What you have to do :: Please output the lines from the one with "1925 chrysler b70 phaeton" through the end of the data exactly as written, omitting all pictures.

Input data ::
※

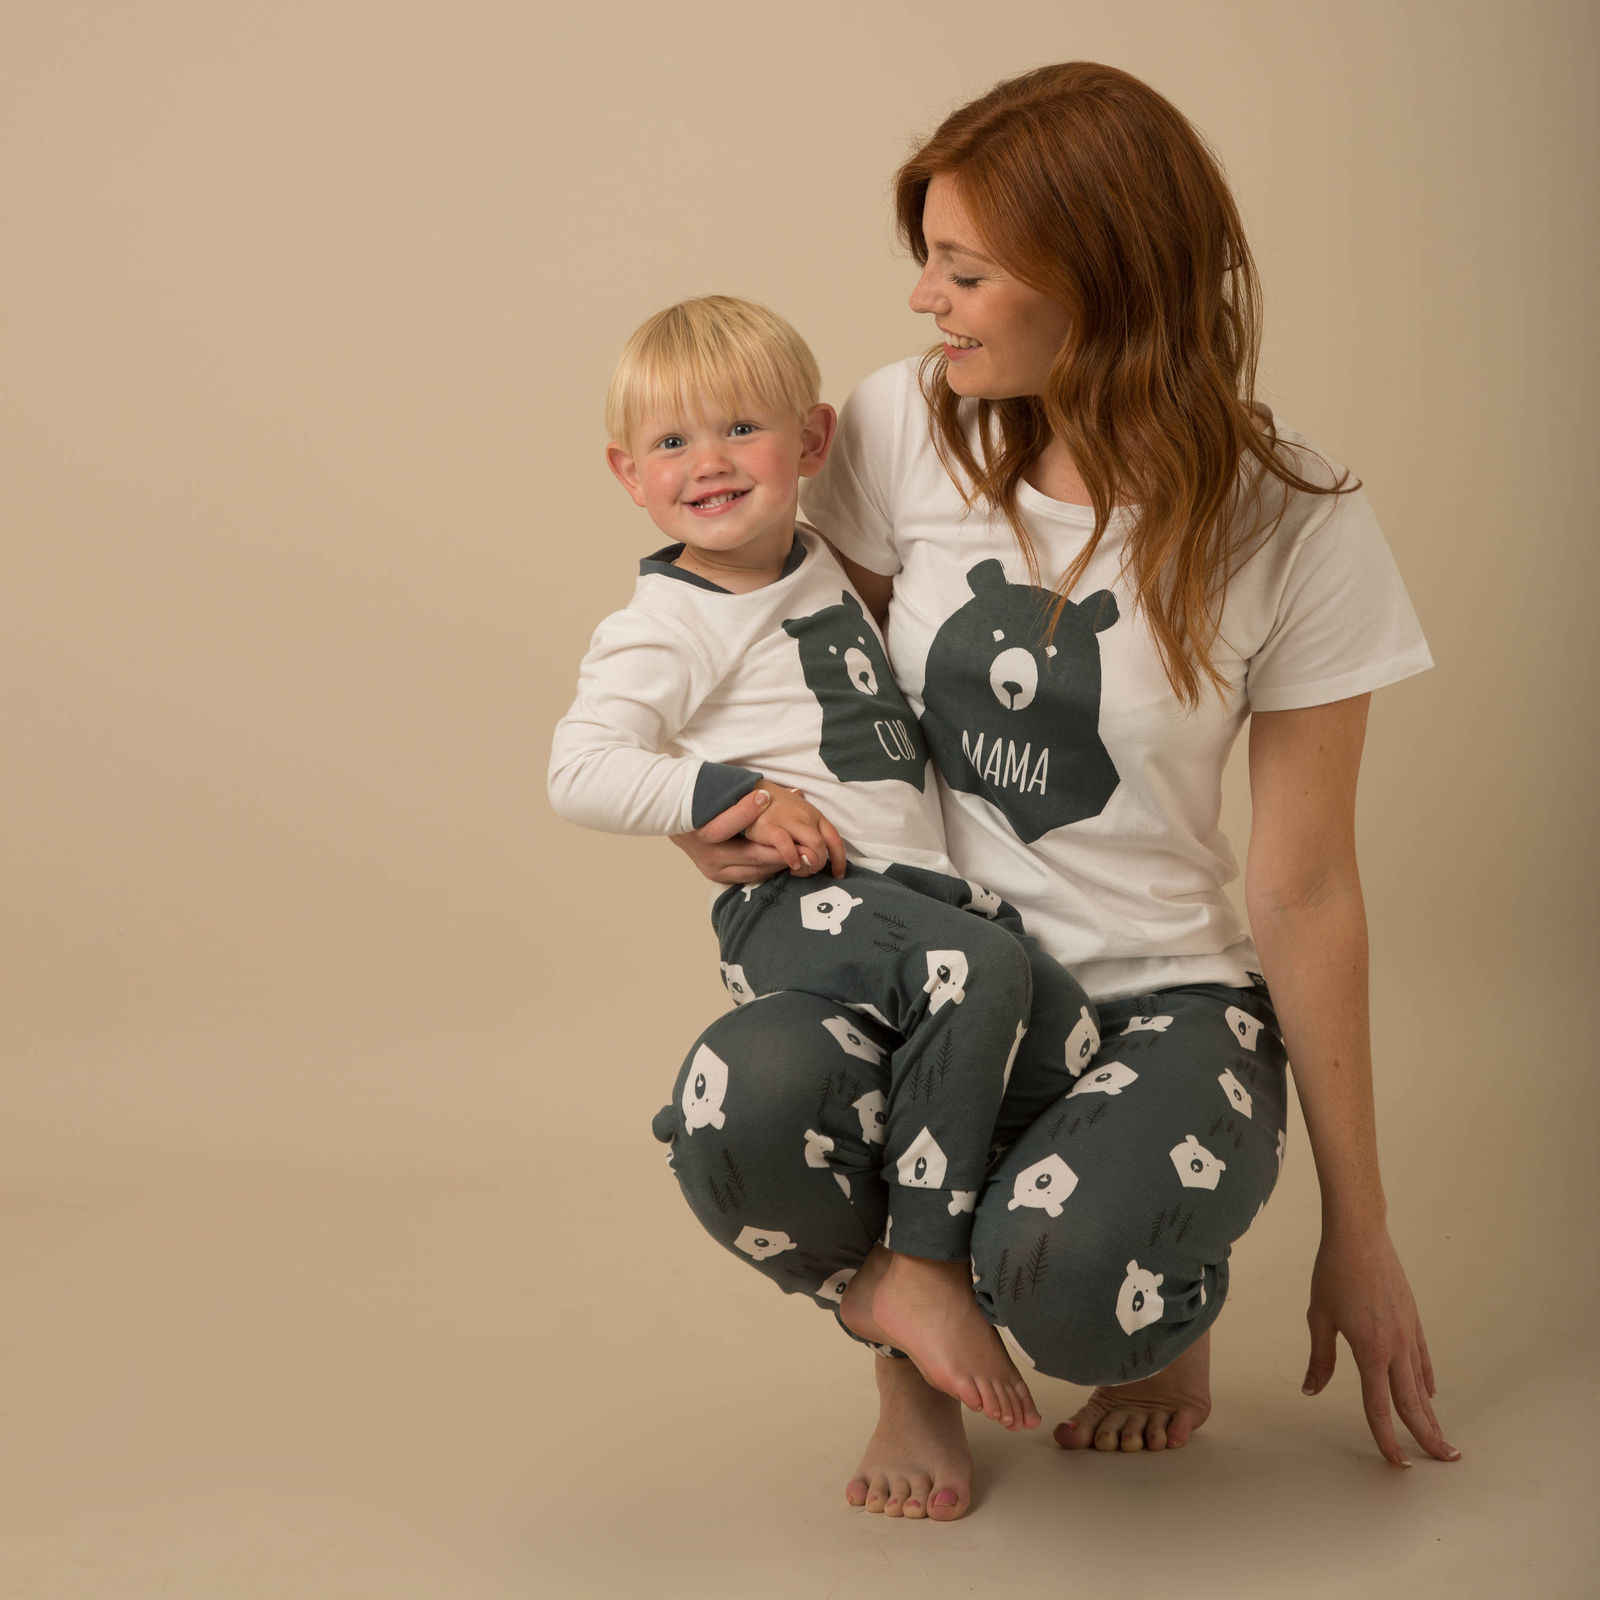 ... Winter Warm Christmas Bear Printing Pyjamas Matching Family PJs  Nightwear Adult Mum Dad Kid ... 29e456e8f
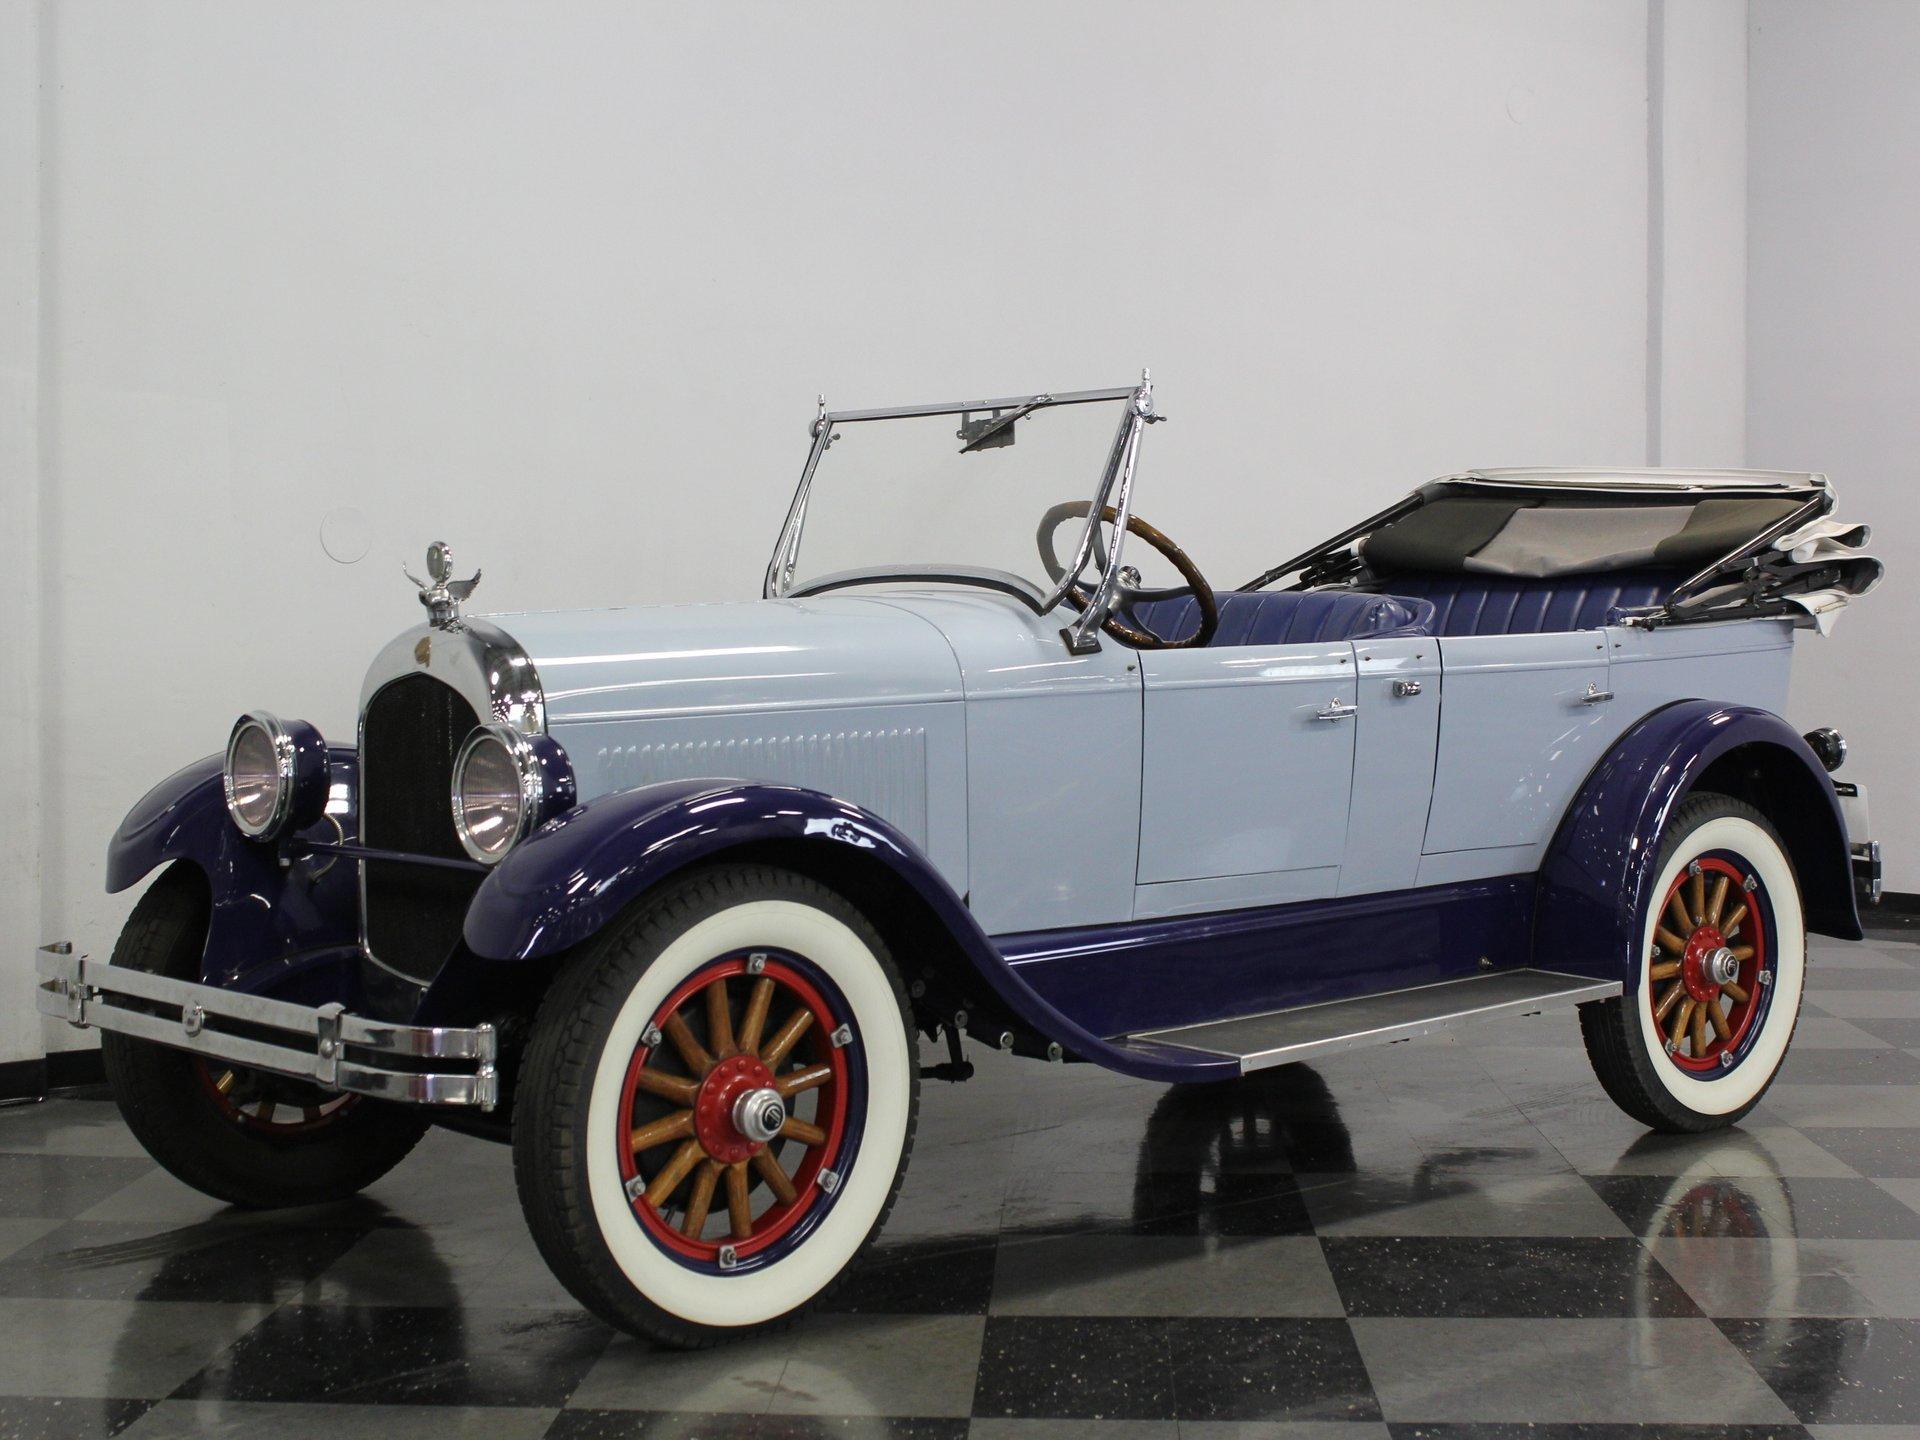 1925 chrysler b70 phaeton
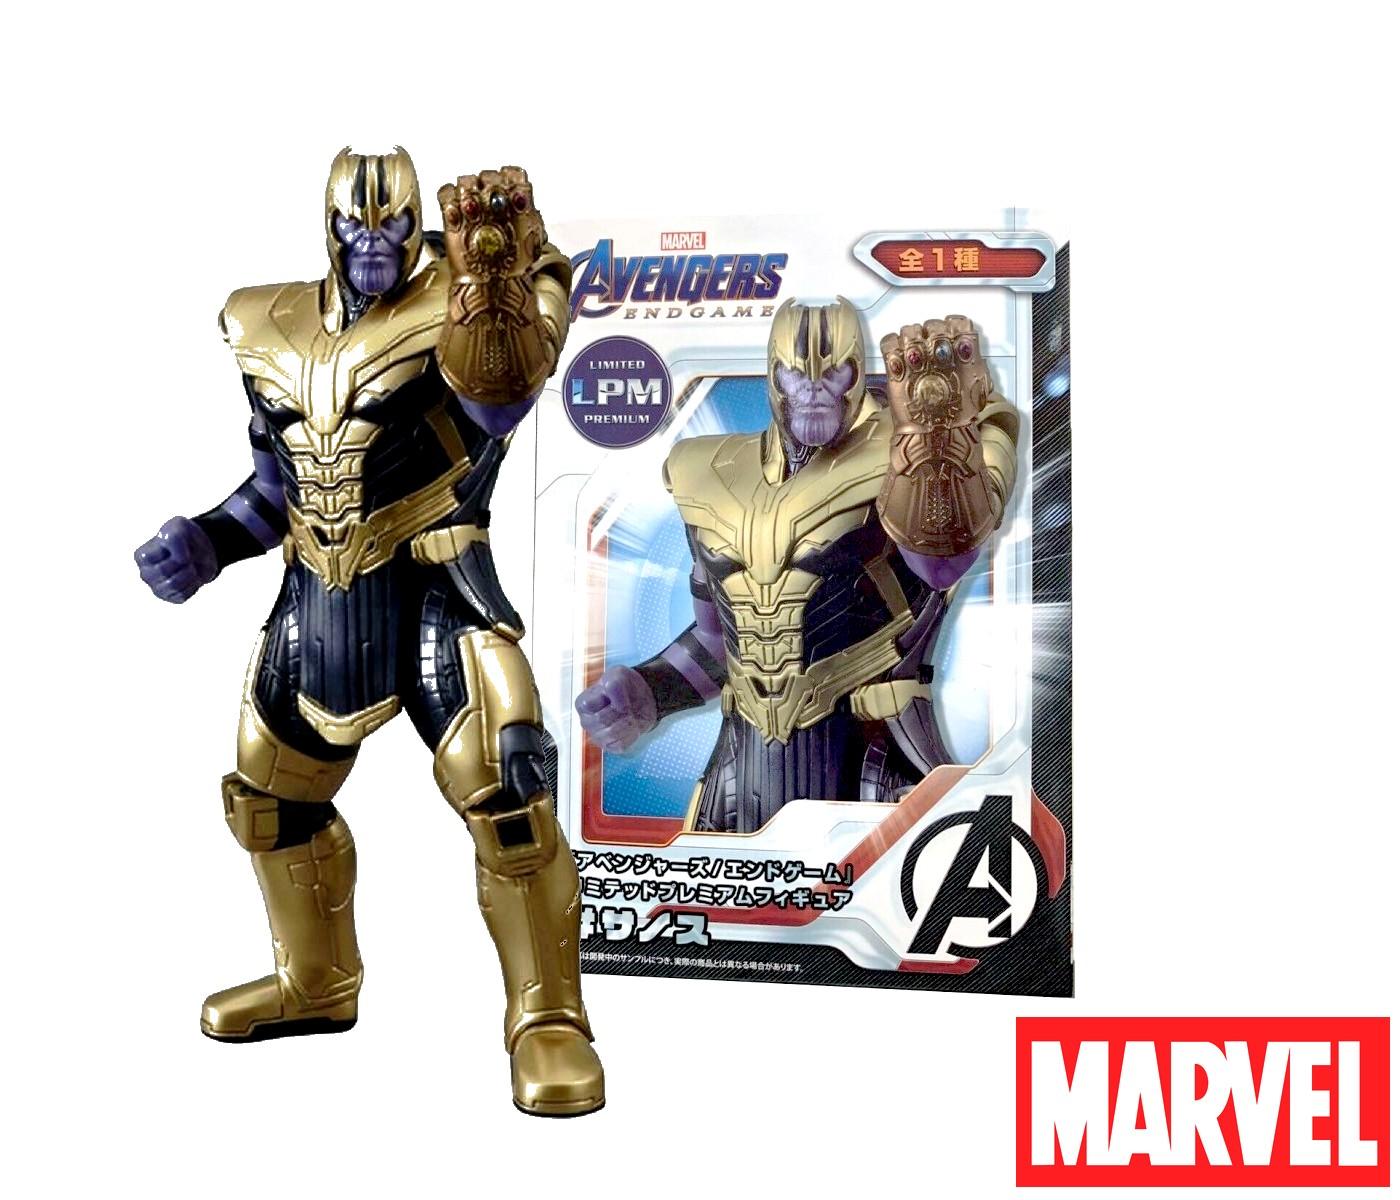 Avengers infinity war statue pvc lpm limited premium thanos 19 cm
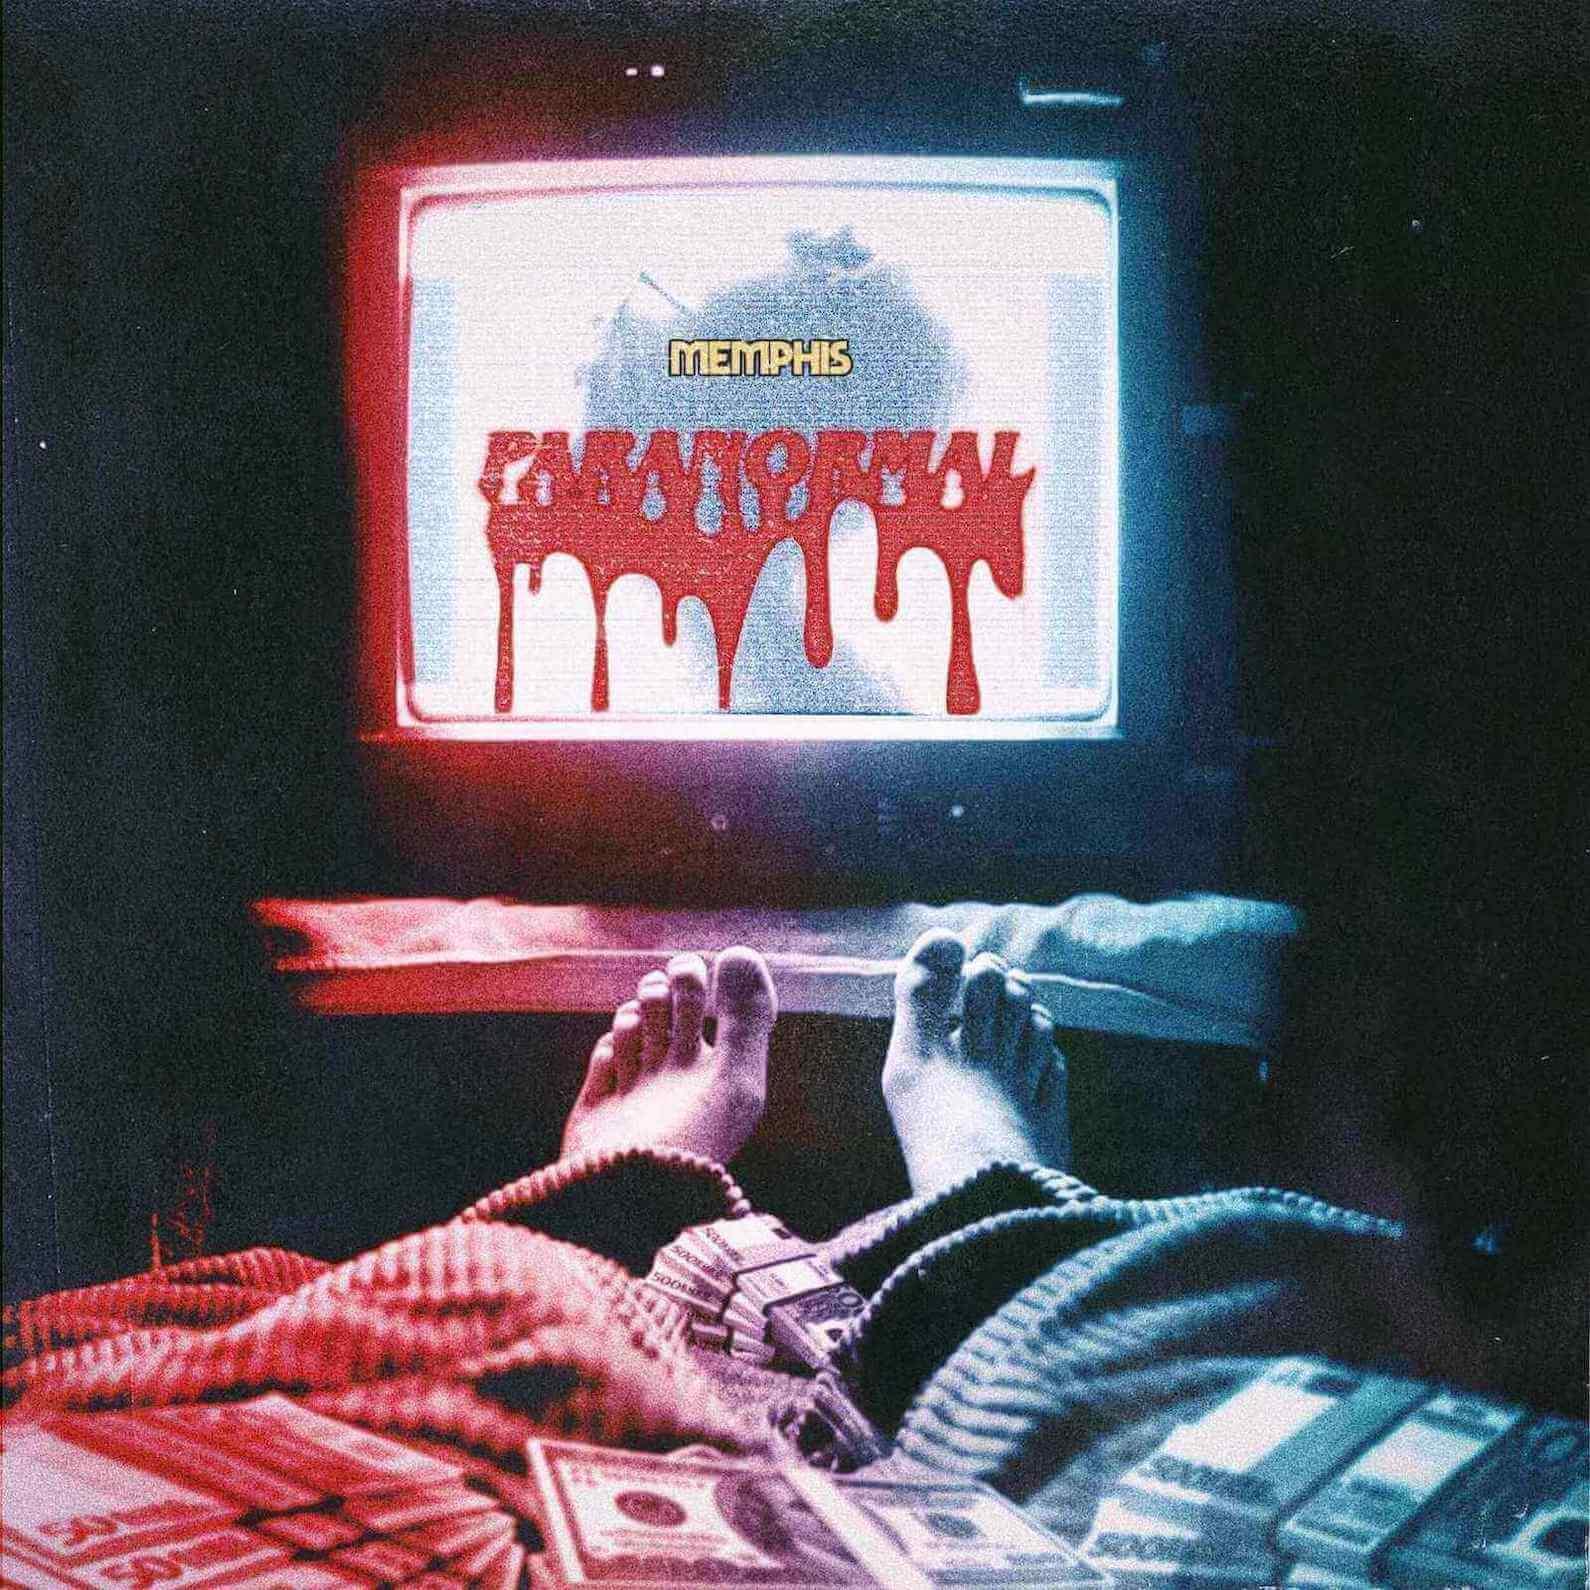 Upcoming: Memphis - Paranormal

※

Exercise solution ::
 1925 chrysler b70 phaeton
 Avengers infinity war statue pvc lpm limited premium thanos 19 cm
 Upcoming: Memphis - Paranormal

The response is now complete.